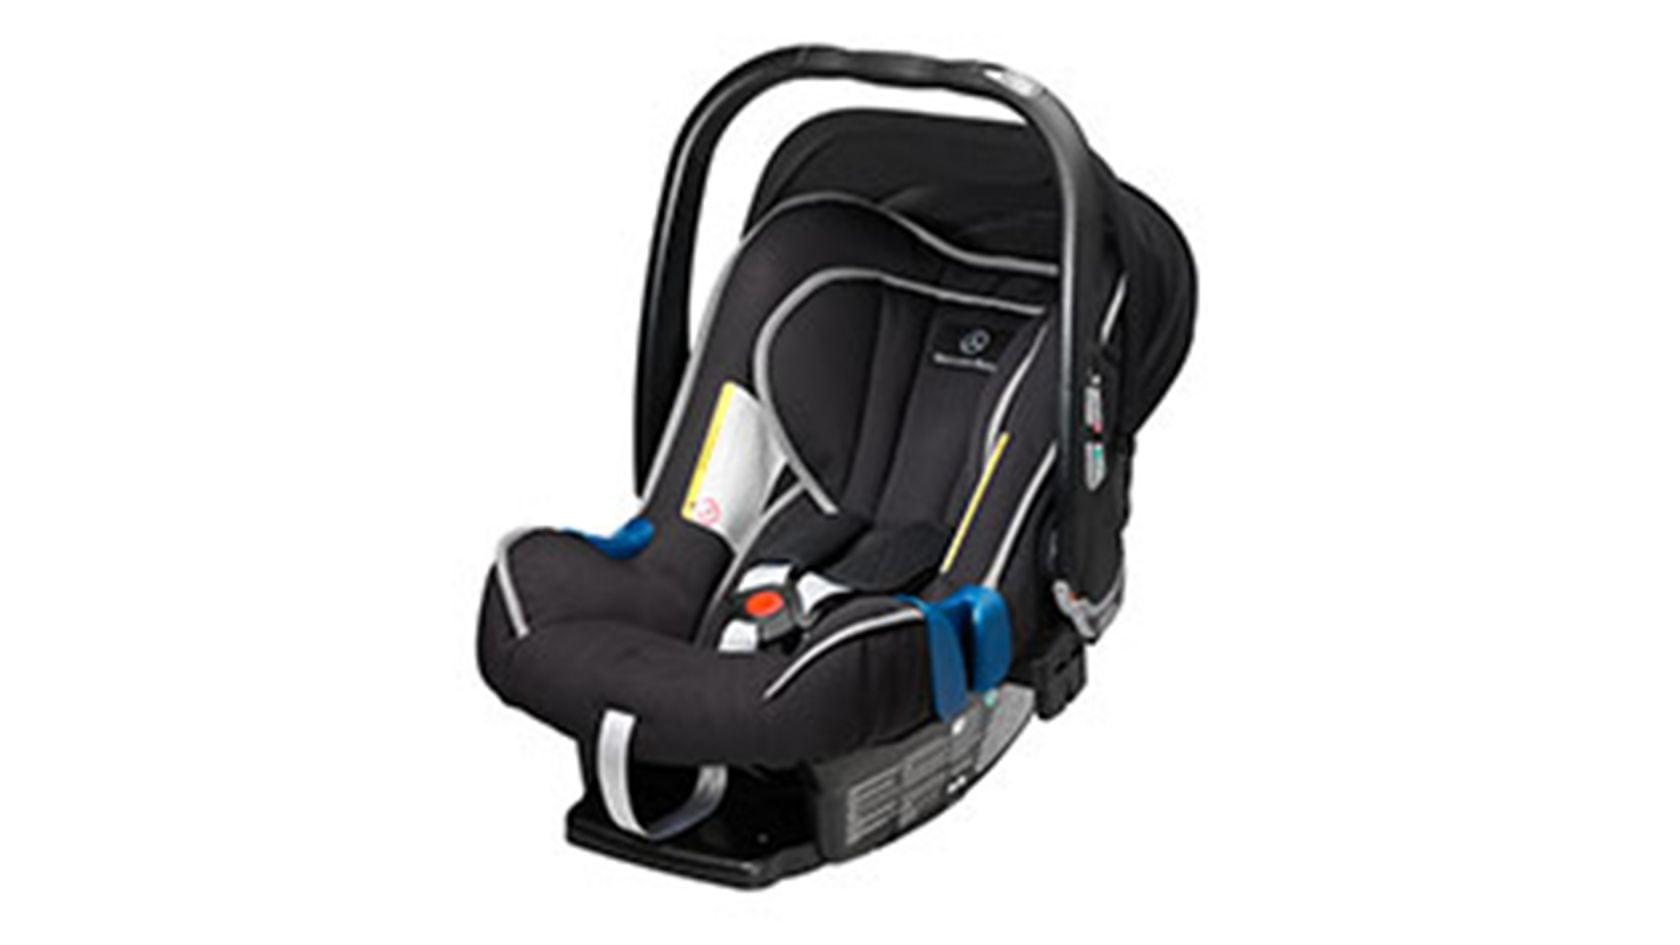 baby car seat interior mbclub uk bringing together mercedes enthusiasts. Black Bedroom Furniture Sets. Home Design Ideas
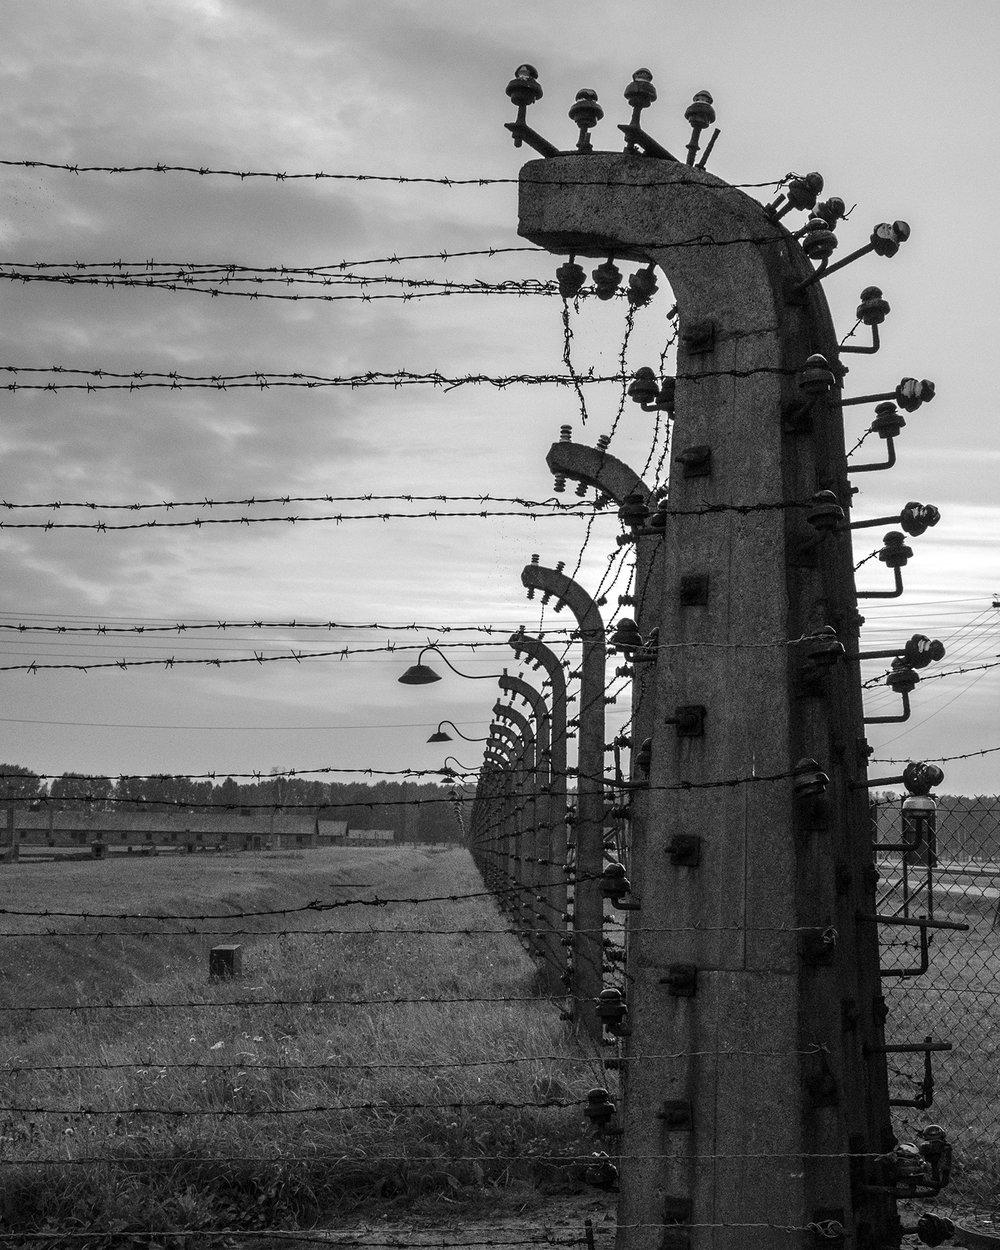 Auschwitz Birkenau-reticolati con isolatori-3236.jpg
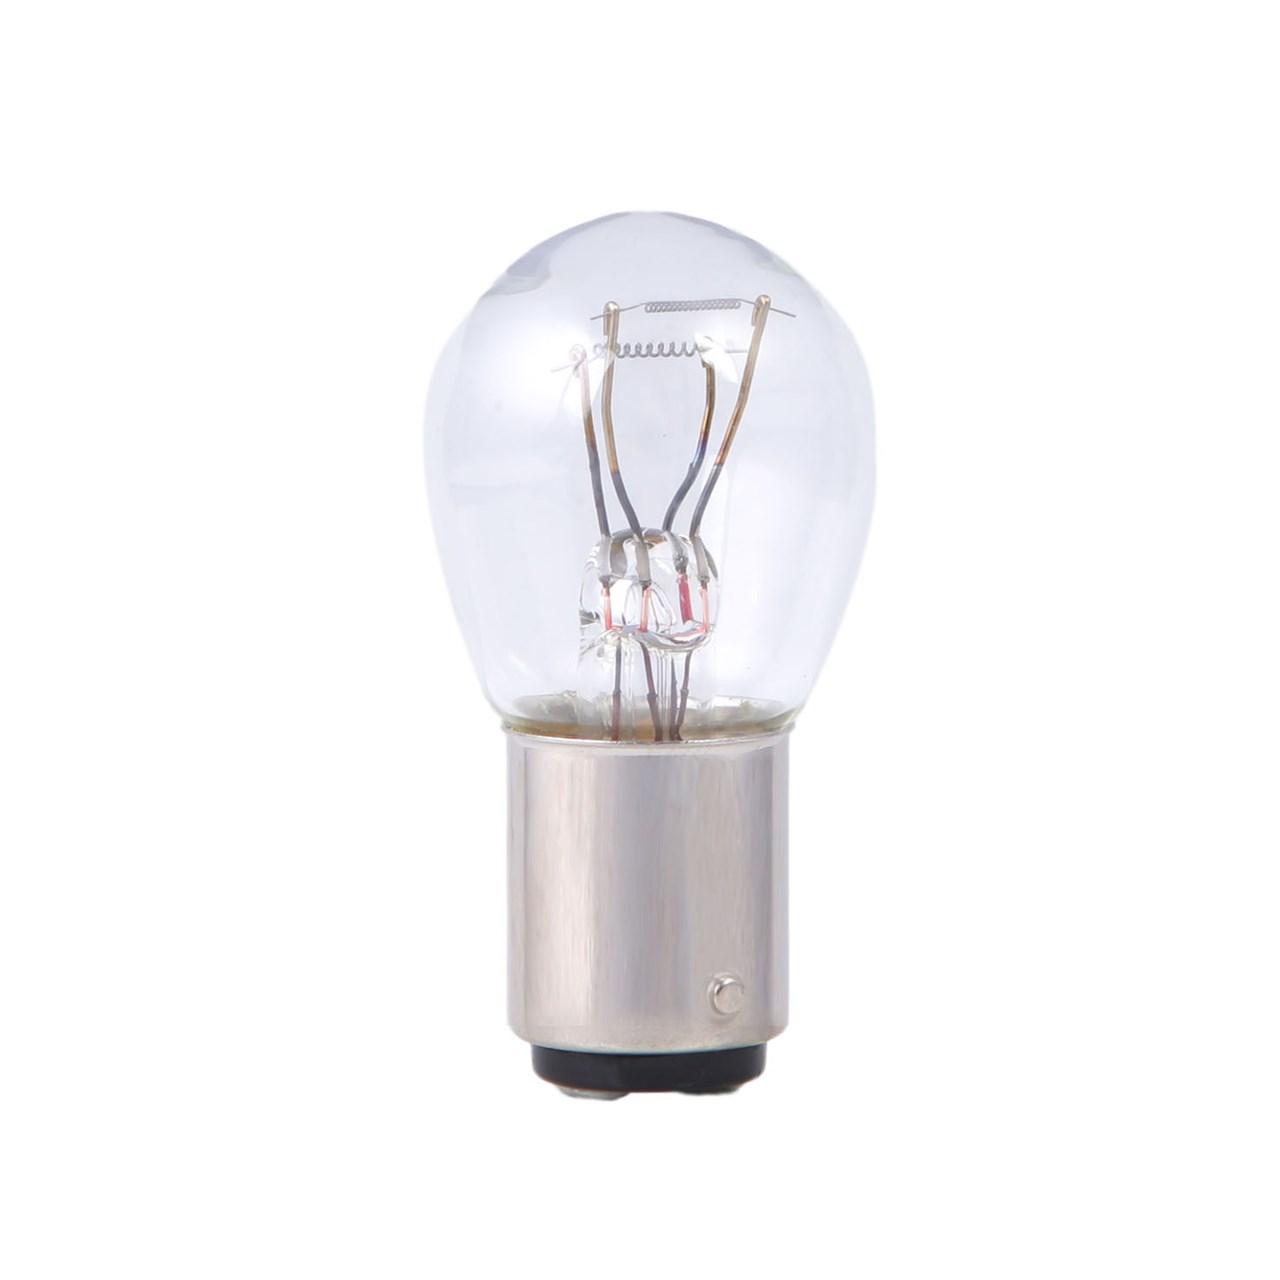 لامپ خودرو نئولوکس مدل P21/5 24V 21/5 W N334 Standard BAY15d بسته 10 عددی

# PROMPT
Please restate exactly the lines from the one containing "Auschwitz Birkenau-reticolati con" down to the end of the material, both ends kept, and do not include the pictures.

# RESPONSE TO THIS EXERCISE
 Auschwitz Birkenau-reticolati con isolatori-3236.jpg
 لامپ خودرو نئولوکس مدل P21/5 24V 21/5 W N334 Standard BAY15d بسته 10 عددی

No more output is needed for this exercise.